+++ Collected data

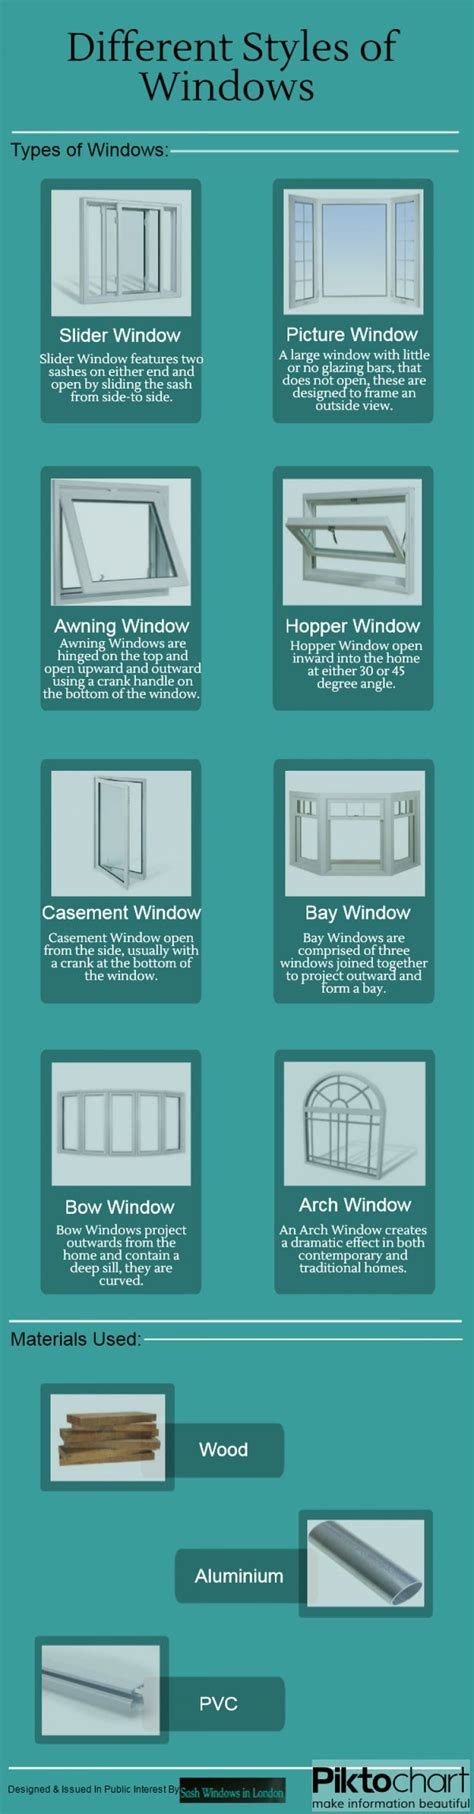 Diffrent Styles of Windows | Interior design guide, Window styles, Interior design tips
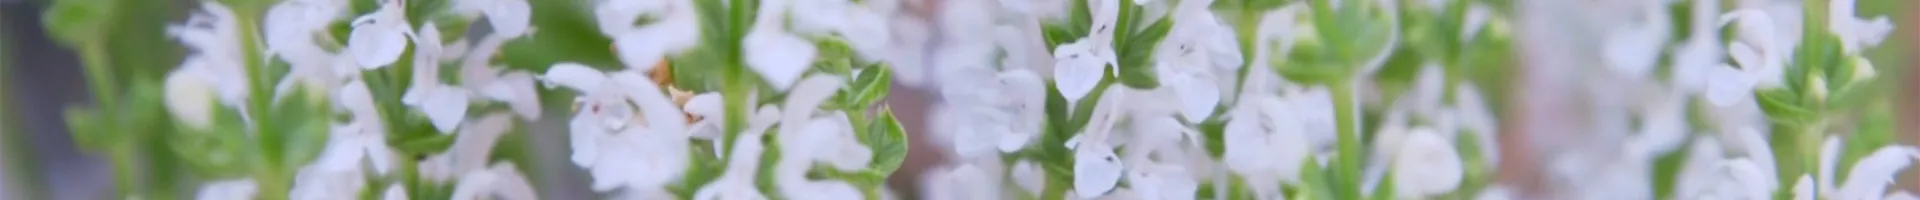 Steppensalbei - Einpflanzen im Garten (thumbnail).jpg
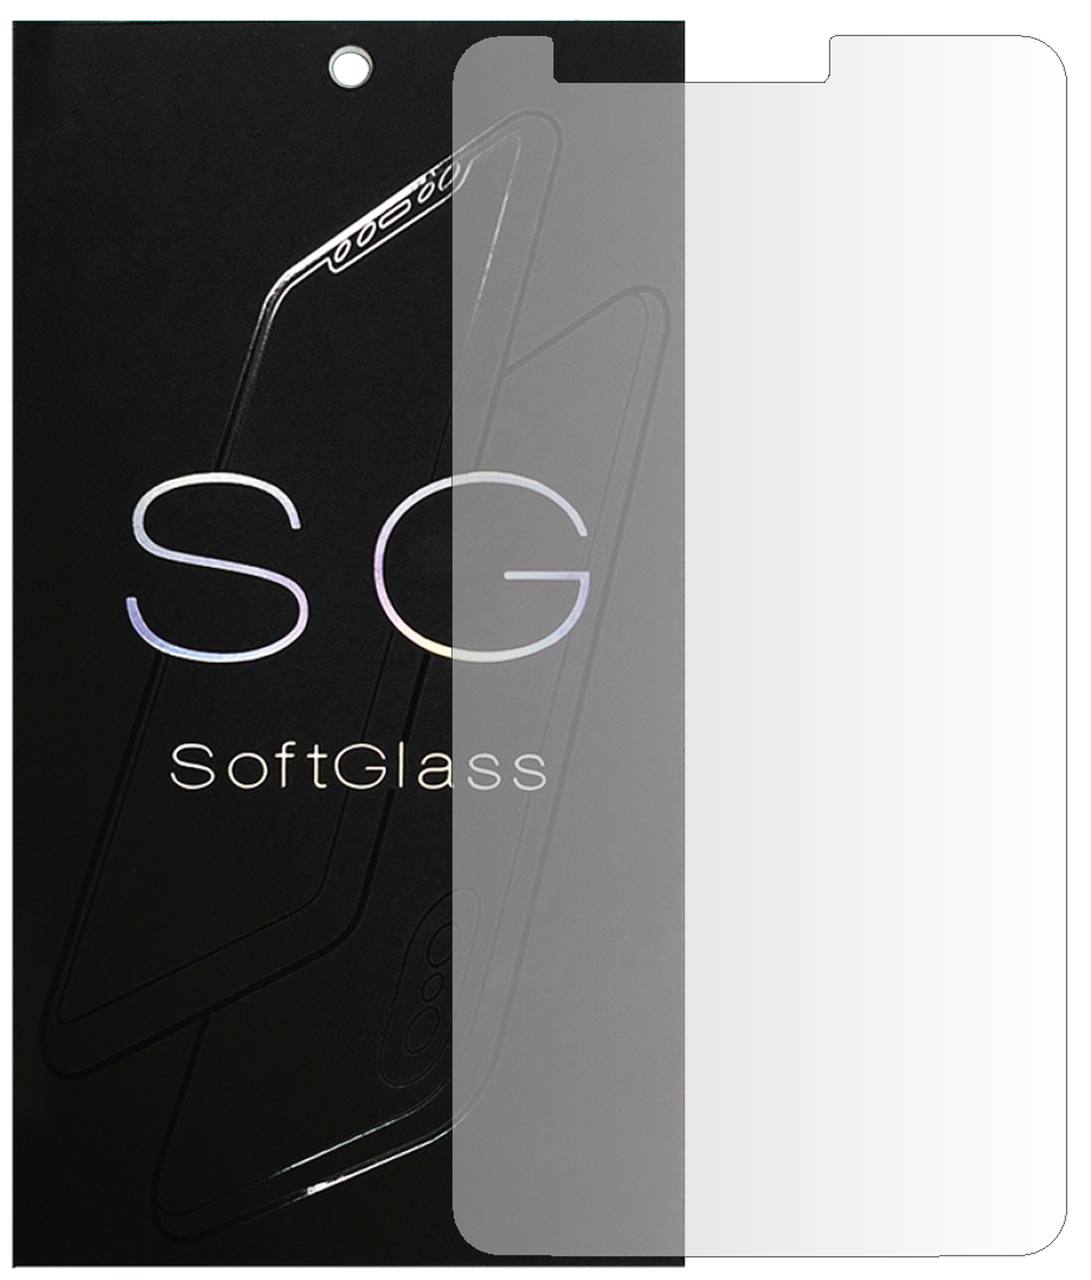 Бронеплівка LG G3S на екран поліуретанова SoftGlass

++++++

Exercise goal: Without any pictures, write out the lines running from the one containing "Steppensalbei - Einpflanzen" through the end of the listing above, both included, exactly as given.

Response:
 Steppensalbei - Einpflanzen im Garten (thumbnail).jpg
 Бронеплівка LG G3S на екран поліуретанова SoftGlass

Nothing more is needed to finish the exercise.